(COLLECTED DATA Opens)

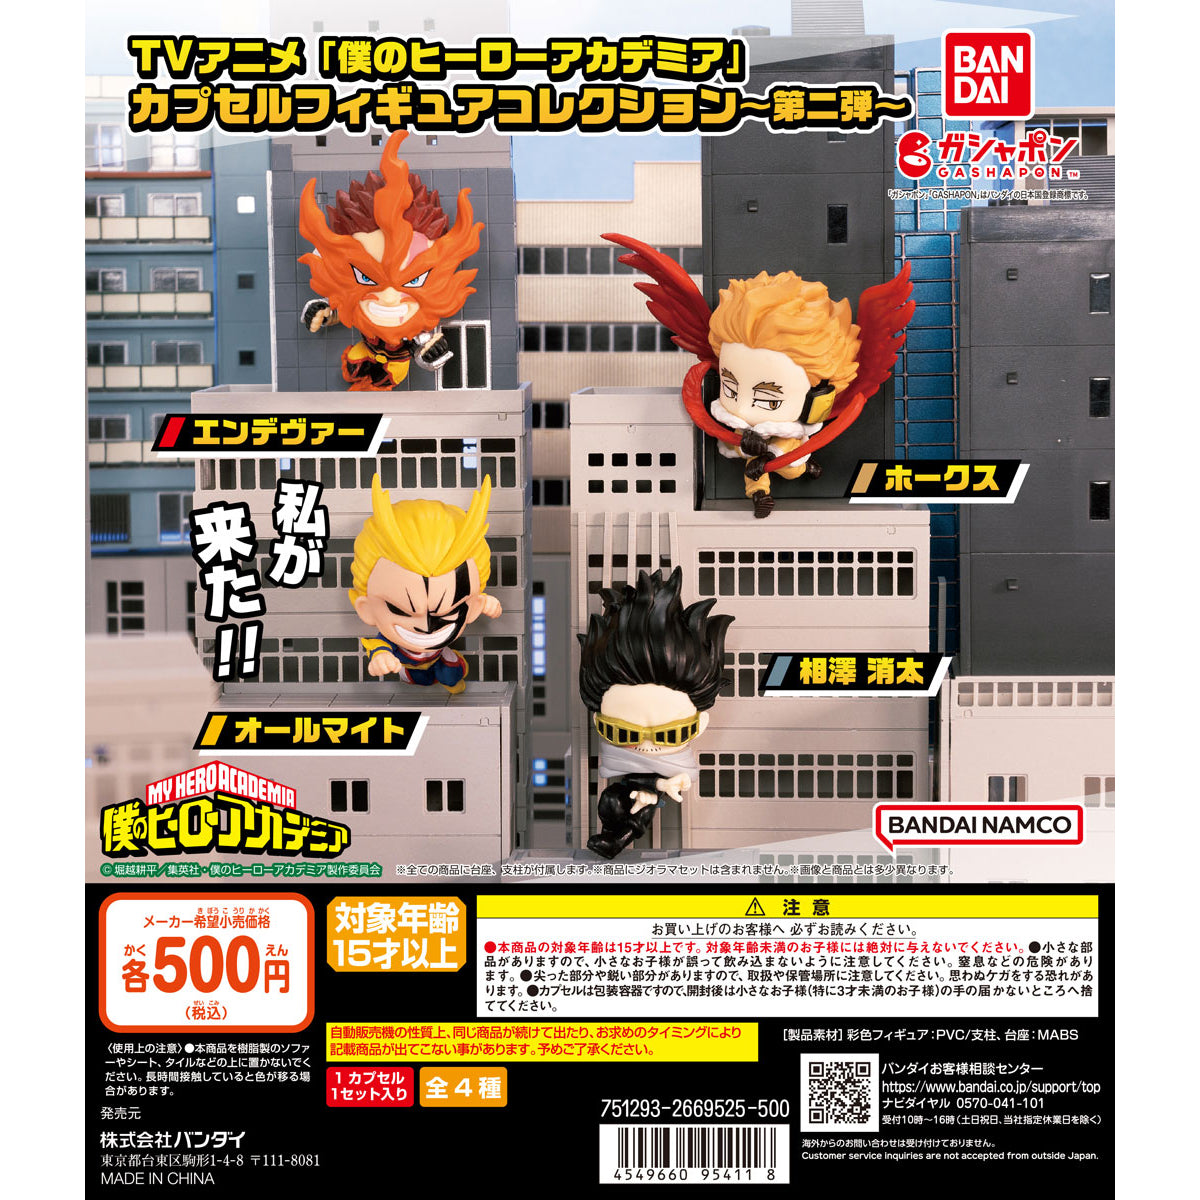 TV Anime “My Hero Academia” Capsule Figure Collection ~Second Edition~
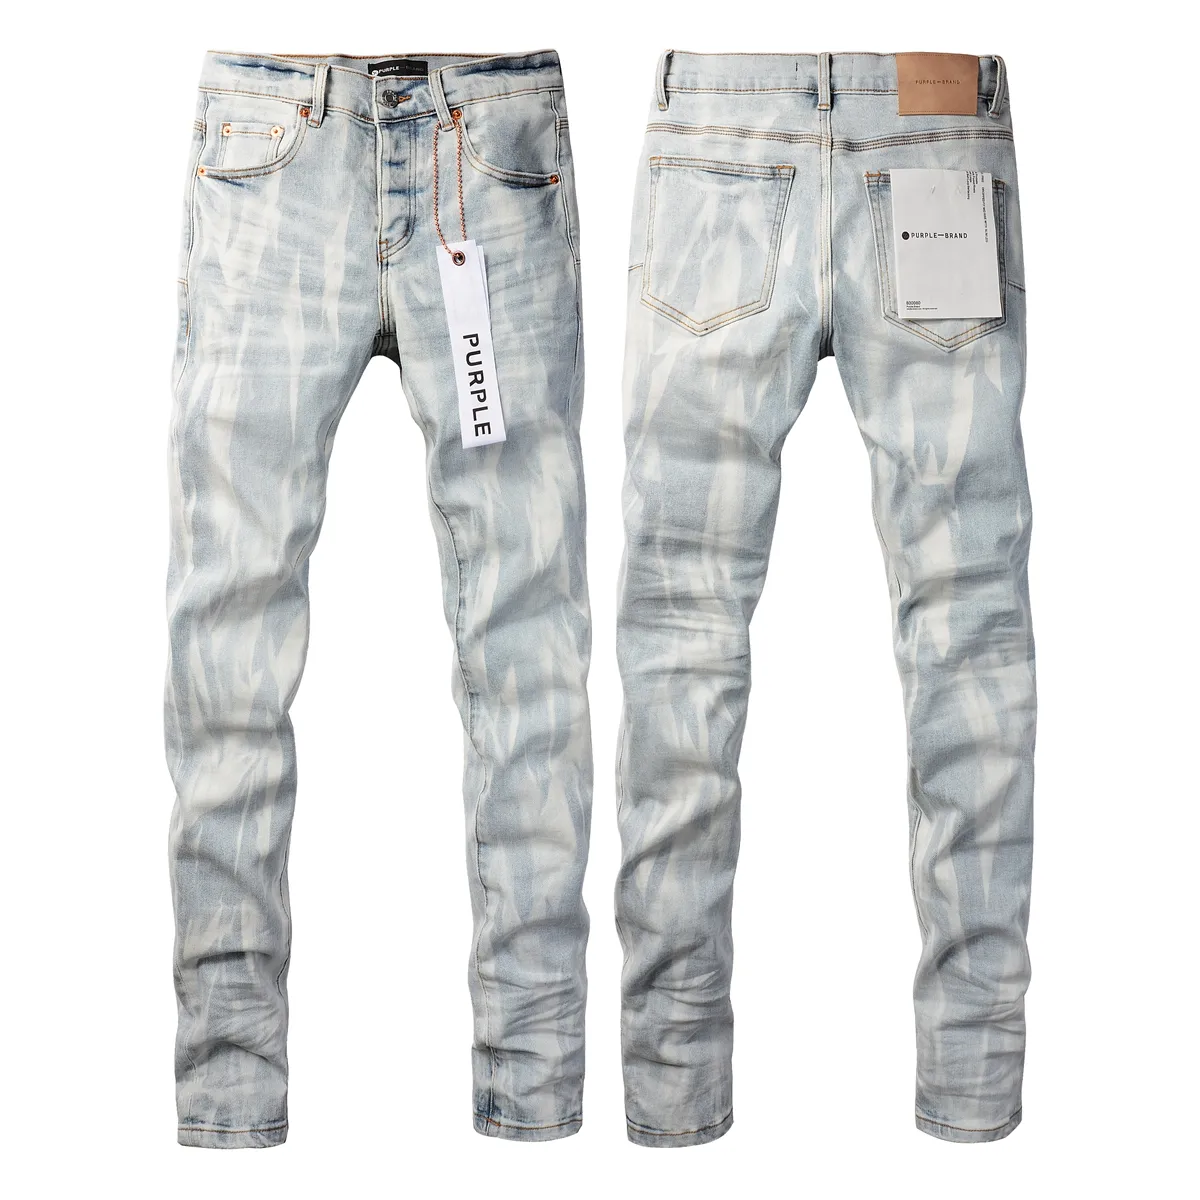 Lila Jeans höhere Hosen lila Marke Jeans Lila Designer Männer Herren Jeans höchste Qualität
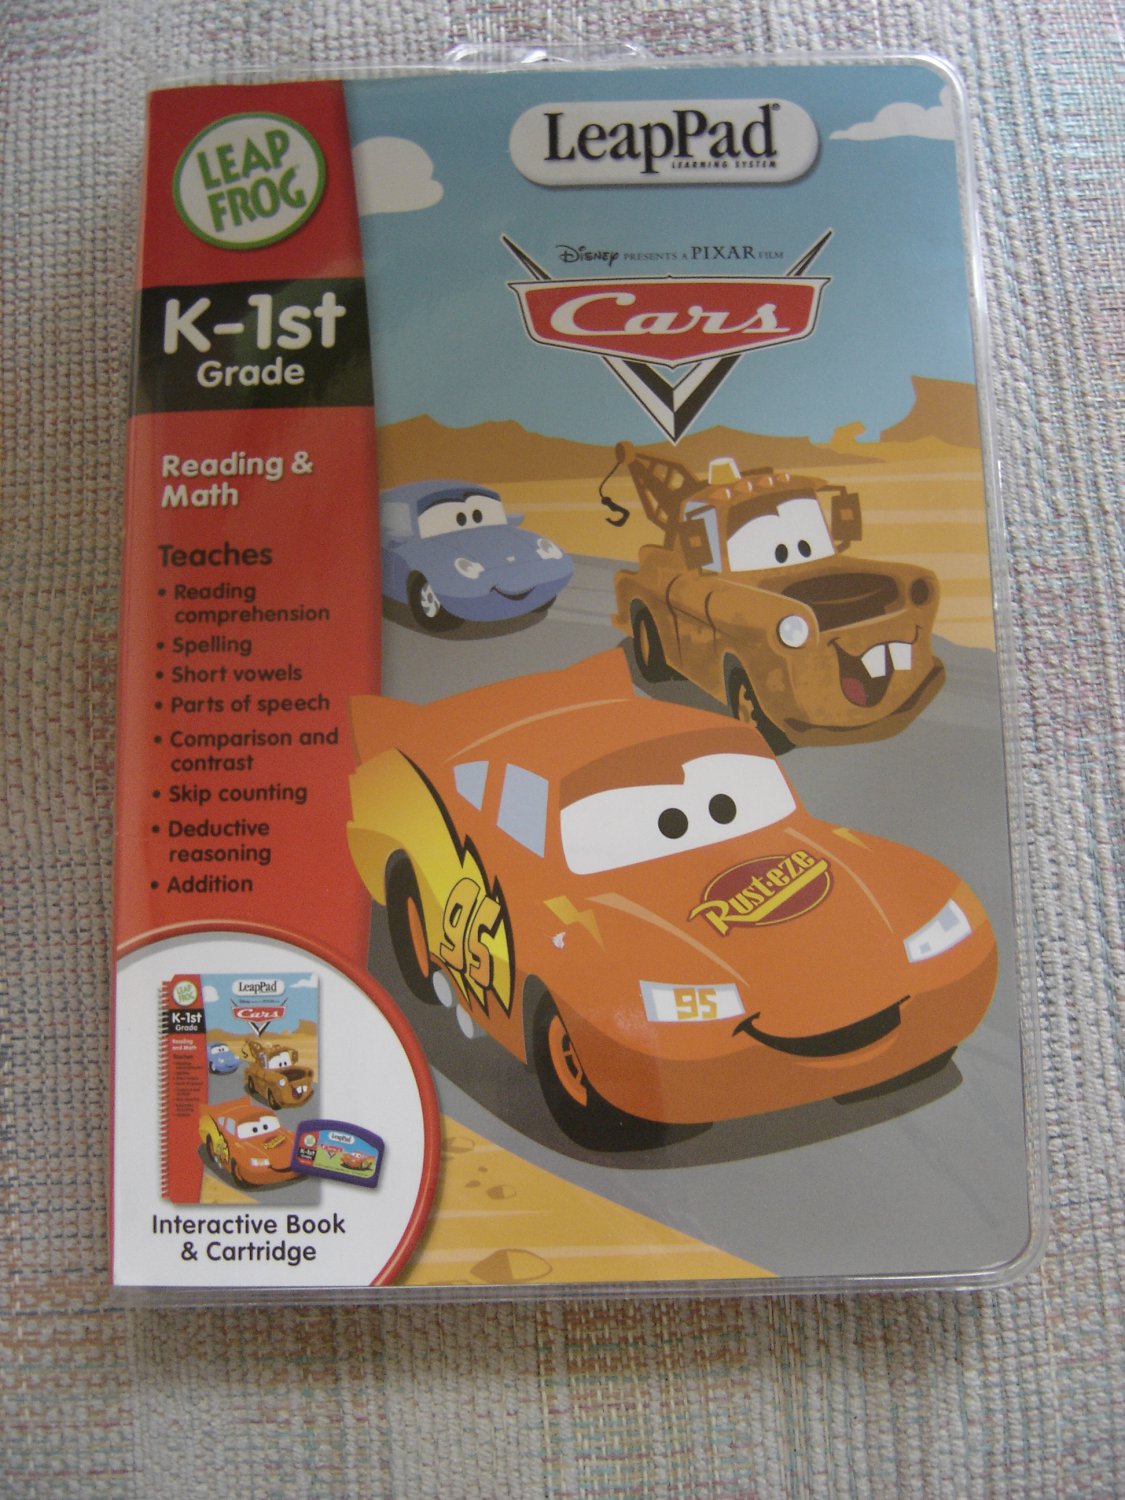 Leap Frog LeapPad Disney Pixar Cars K-1st Grade Book and Cartridge - BRAND NEW!
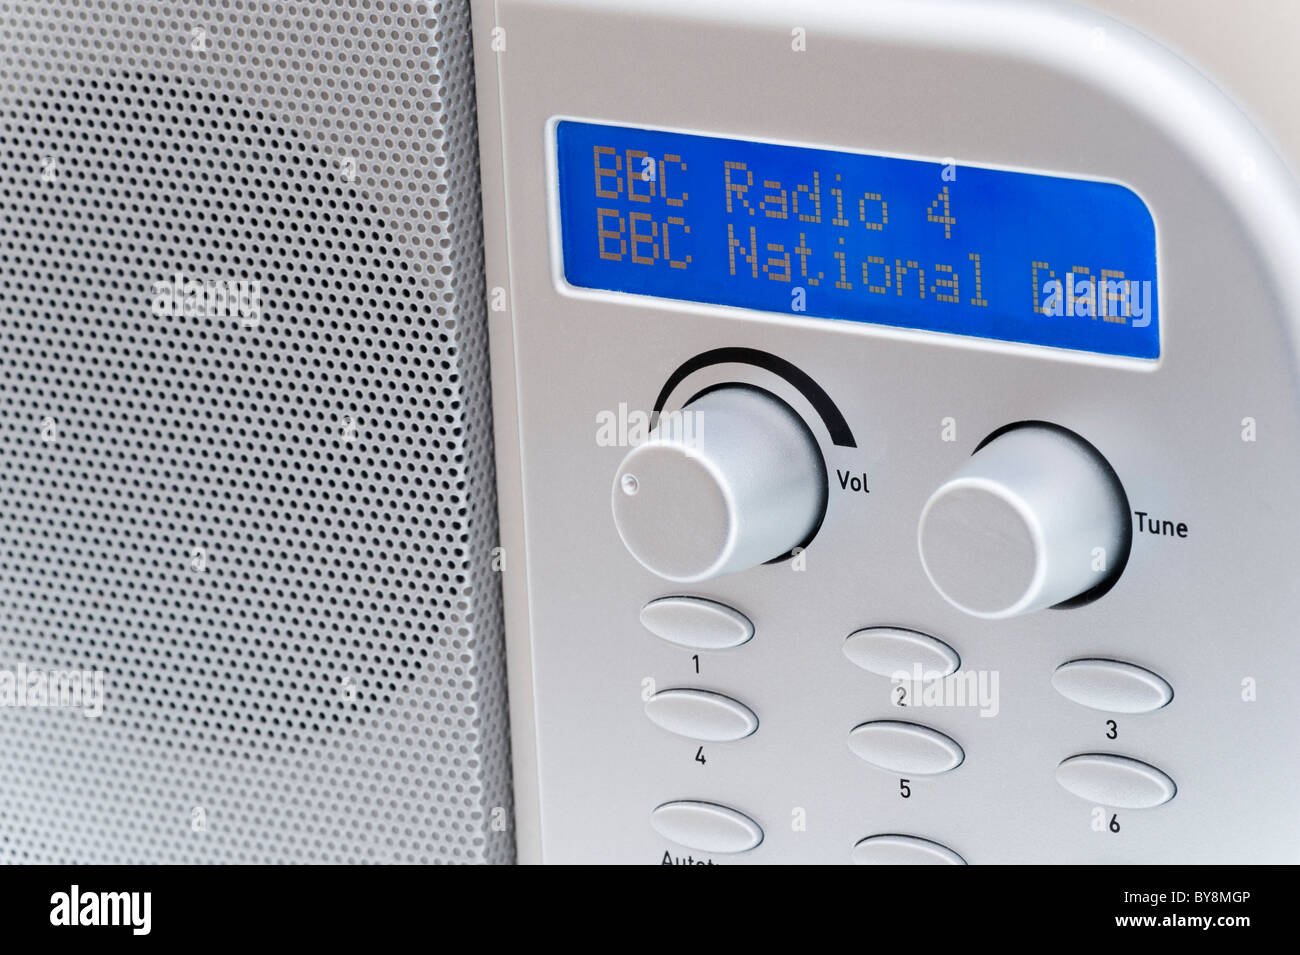 DAB Radio showing Radio 4 on the LED Display Stock Photo - Alamy

(COLLECTED DATA Closes)

WORK REQUEST. The answer must be the data above, repeated exactly, with no pictures.

THE COMPLETED TASK.
 TV Anime “My Hero Academia” Capsule Figure Collection ~Second Edition~
 Lila Jeans höhere Hosen lila Marke Jeans Lila Designer Männer Herren Jeans höchste Qualität
 Leap Frog LeapPad Disney Pixar Cars K-1st Grade Book and Cartridge - BRAND NEW!
 DAB Radio showing Radio 4 on the LED Display Stock Photo - Alamy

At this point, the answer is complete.